This result isn't a multiple of \(\ket\Psi\), so \(\ket\Psi\) isn't an eigenvector of \(\Pi_{1,2}^{\rm same}\). Instead, you may calculate the expectation value of the projection operator\[

\bra{\Psi}\Pi^{\rm same}_{1,2}\ket{\Psi} = P^{\rm same}_{1,2}

\] which is the right formula for the probability that the answer is "Yes". Because \(\Pi^2=\Pi\) (it is the projection operator), this probability is the same thing as the squared norm of the state \(\Pi\ket\Psi\), and it is \((1/2)^2+(1/2)^2=1/2\). There are many ways to quickly see this result. Without the operator in the middle, the expression above would be a sum of eight terms equal to \(1/8\). The projection operator erases four (one-half) of them, so the probability is \(4/8=1/2\) that the pigeons \(1,2\) are found in the same state.

Now, can you find \(1,2\) in different states, \(2,3\) in different states, and \(1,3\) in different states? What is the probability of that (namely that all these conditions are obeyed at the same moment)? Well, if we are naive, this question may be associated with the projection operator\[

\Pi_{\rm paradox}=\Pi_{1,2}^{\rm diff}\Pi_{2,3}^{\rm diff} \Pi_{3,1}^{\rm diff}.

\] You should check whether the three operators \(\Pi_{i,j}^{\rm same}\) for \(ij=12,23,31\) commute with each other. This is an important thing to check because non-commuting observables cannot be measured simultaneously. The paper is completely sloppy about all such things – in fact, you won't find the word "commute" in the paper at all!

The operators \(\Pi_{i,j}^{\rm same}\) (and "diff") commute with each other for a simple reason: all of them are diagonal in the basis containing vectors \(\ket{LLL},\ket{LLR}\), and six more vectors like that. And diagonal (in the same basis) operators simply commute with each other. You may prove the vanishing commutator in many other ways, too.

The correct claim that the operators \(\Pi_{i,j}^{\rm same}\) commute with each other was included in the first version of this blog post. In the second, revised version that was posted for a few minutes, I mixed the operators with other, seemingly "similar" but ultimately different projection operators "capital upsilon"\[

\Upsilon_{1,2}^{\rm same} = \frac{ 1+\pi_{1,2} }{2}

\] where \(\pi_{1,2}\) is the self-explanatory operator permuting the pigeons \(1,2\) – or, equivalently, the operator switching the complex amplitudes in front of \(\ket{LR}_{12}\) and \(\ket{RL}_{12}\). It's easy to see that \(\Upsilon_{1,2}^{\rm same}\) doesn't commute with \(\Upsilon_{2,3}^{\rm same}\) because \(\pi_{1,2}\) doesn't commute with \(\pi_{2,3}\). When the product of these two \(\pi\) unitary operators is written in one order, you get the operator corresponding to the cyclic permutation \(123\to 231\) while if you write it in the other order, you get the operator corresponding to \(123\to 312\).

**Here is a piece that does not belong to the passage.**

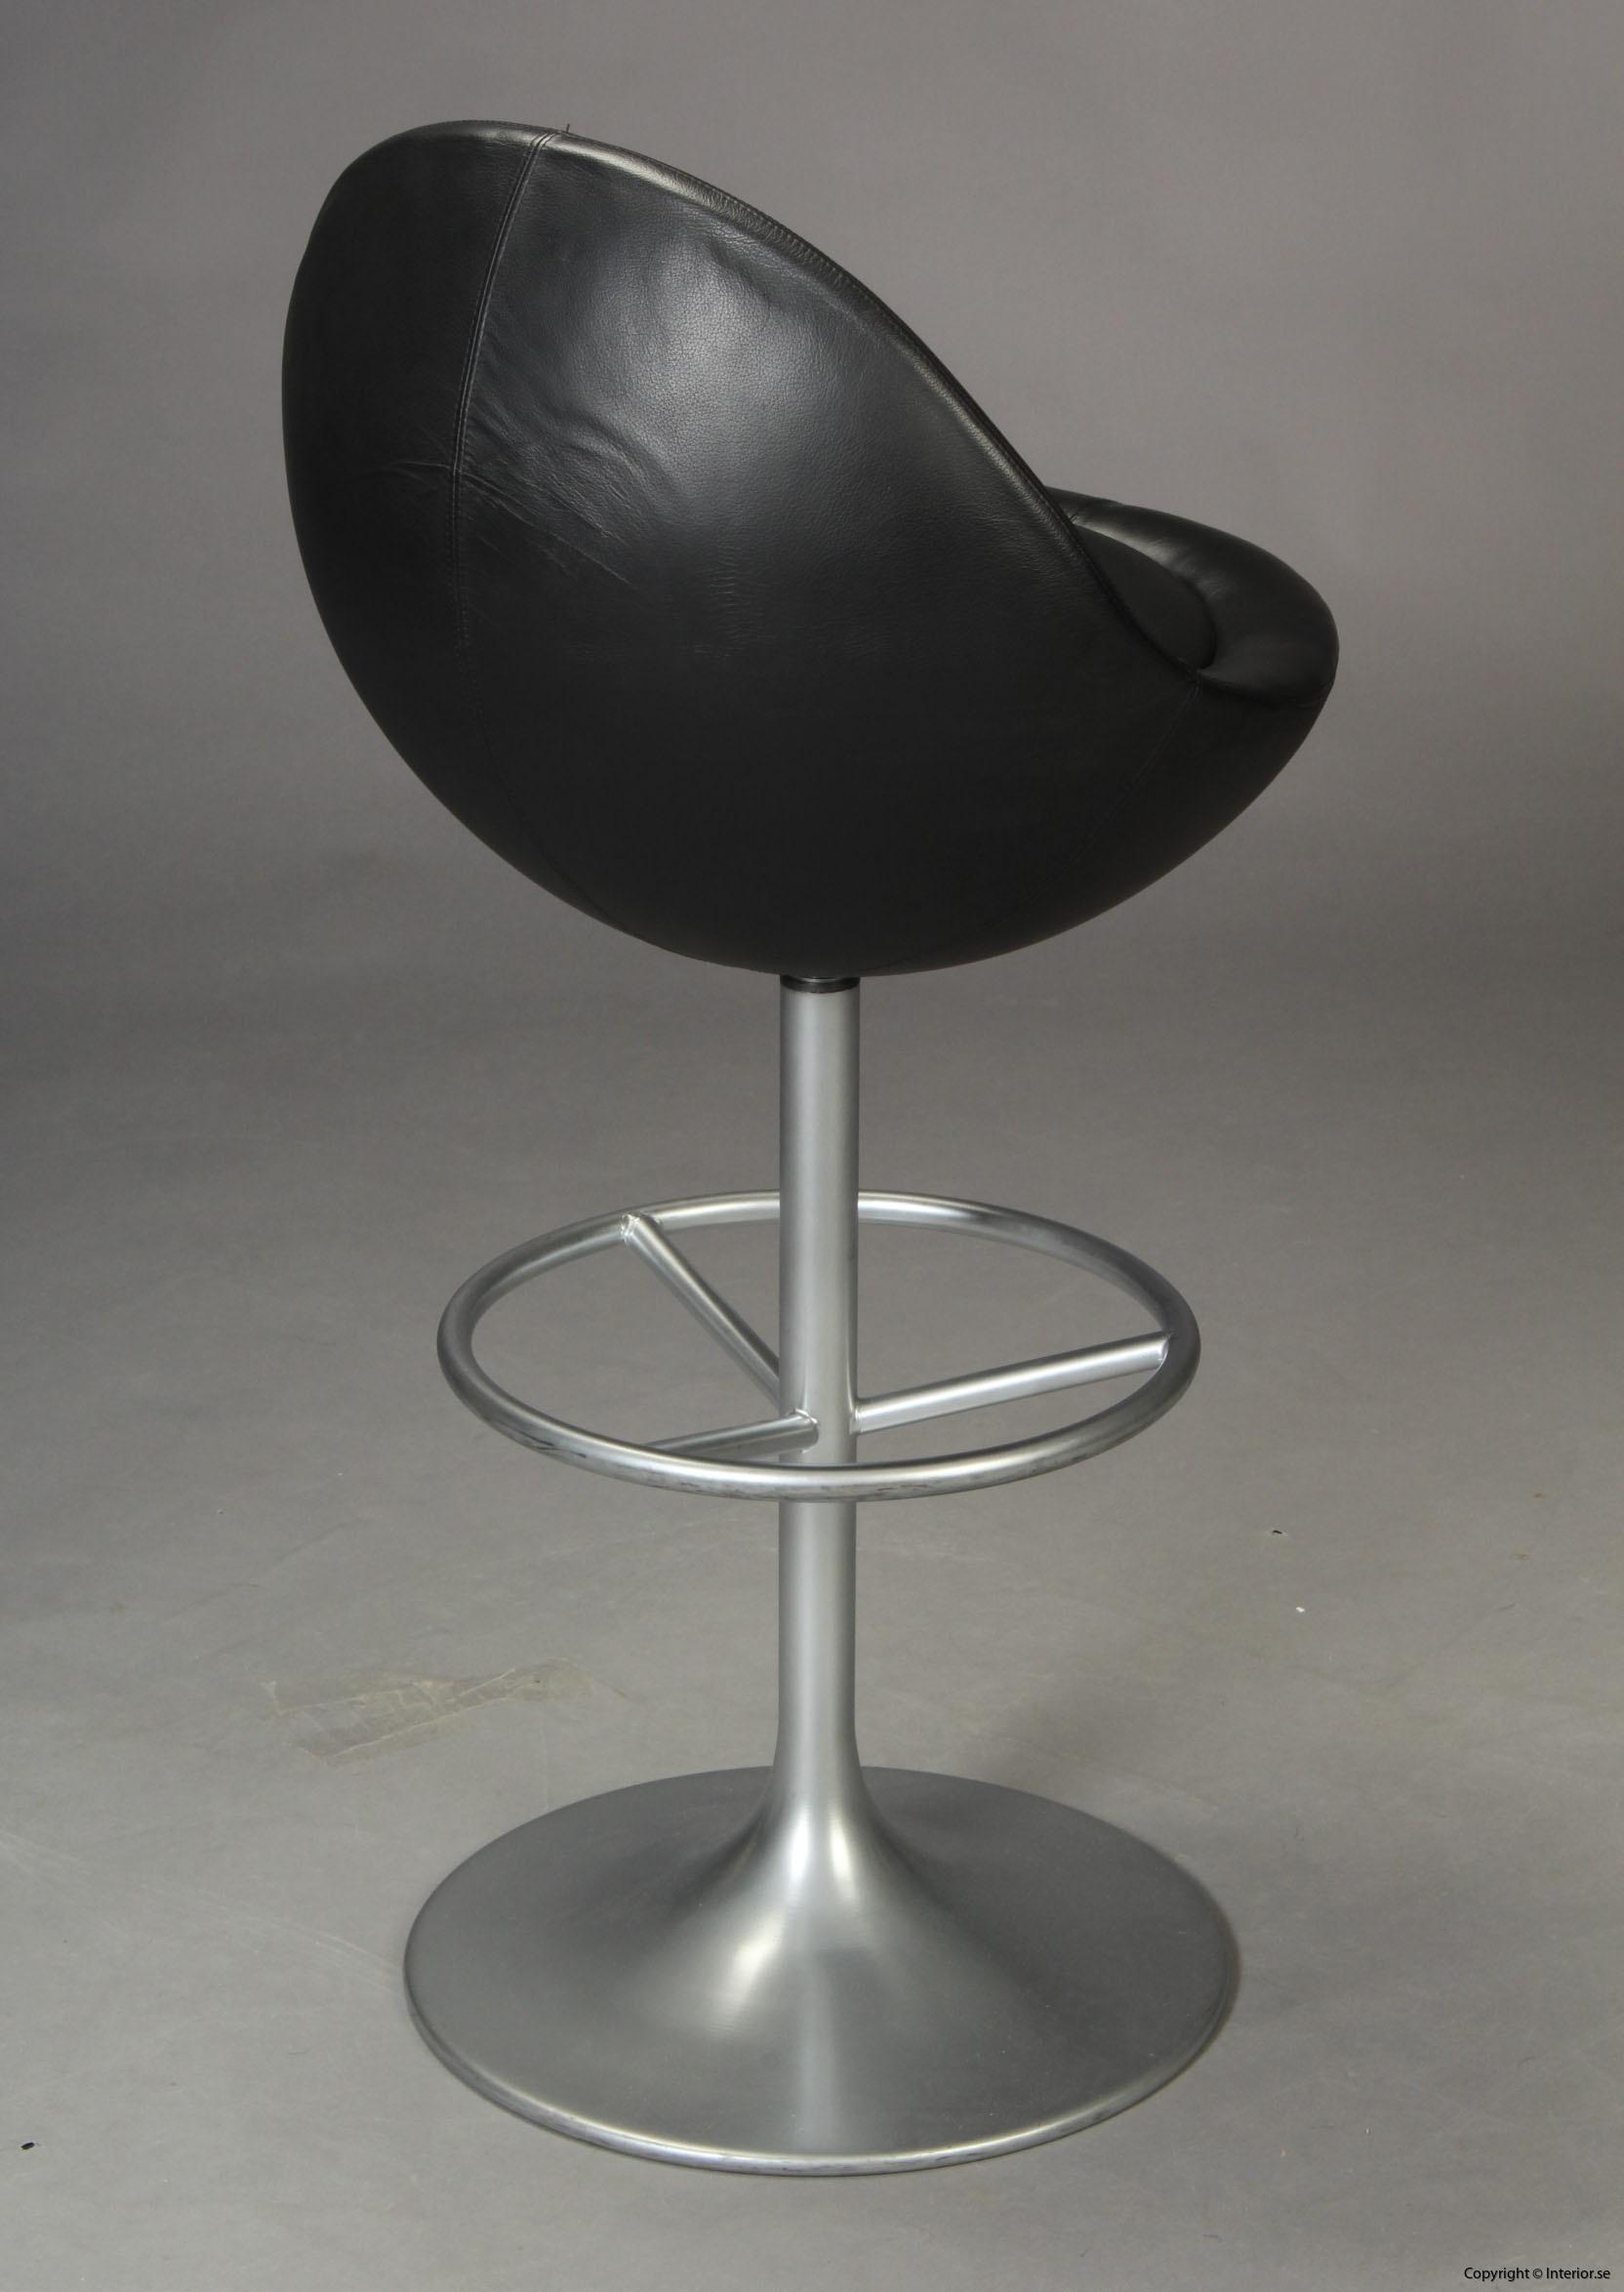 1 Johanson Design venus barstol (7)

These are different unitary operators for cyclic permutations because they are different permutations. So \(\Upsilon_{1,2}^{\rm same}\) and \(\Upsilon_{2,3}^{\rm same}\) cannot be measured simultaneously. They can't be simultaneously diagonalized.

Because these projection operators don't commute, the triple product \(\Upsilon_{12}^{\rm same}\Upsilon_{23}^{\rm same}\Upsilon_{31}^{\rm same}\) isn't the right operator for the hypothetical "combined" question. It actually isn't a projection operator; and it isn't necessarily Hermitian, either. So this is would be a wrong way to operationally define the question whether each pair of pigeons occupies different pigeonholes (or a similar question with \(\Pi\) replaced by \(\Upsilon\)). If you measure the three pairs one by one, the three measurements just won't commute with each other, so you can't interpret the result of the second and third measurement as telling you something about the initial state before the first measurement!

But back to the \(\Pi\) operators. With these operators, the triple product \(\Pi_{\rm paradox}\) defined above is identically equal to zero. Like the three individual \(\Pi\) operators, their product is diagonal in the basis \(\ket{LLL},\ket{LLR},\dots ,\ket{RRR}\). That's why the three qubits behave as three classical bits and you may see that each of the eight diagonal elements is zero as well. They're zero for the usual classical reason. There is no basis vector among these eight – an arrangement of three letters L/R – that would guarantee that each pair of the letters among the three are two different letters. ;-)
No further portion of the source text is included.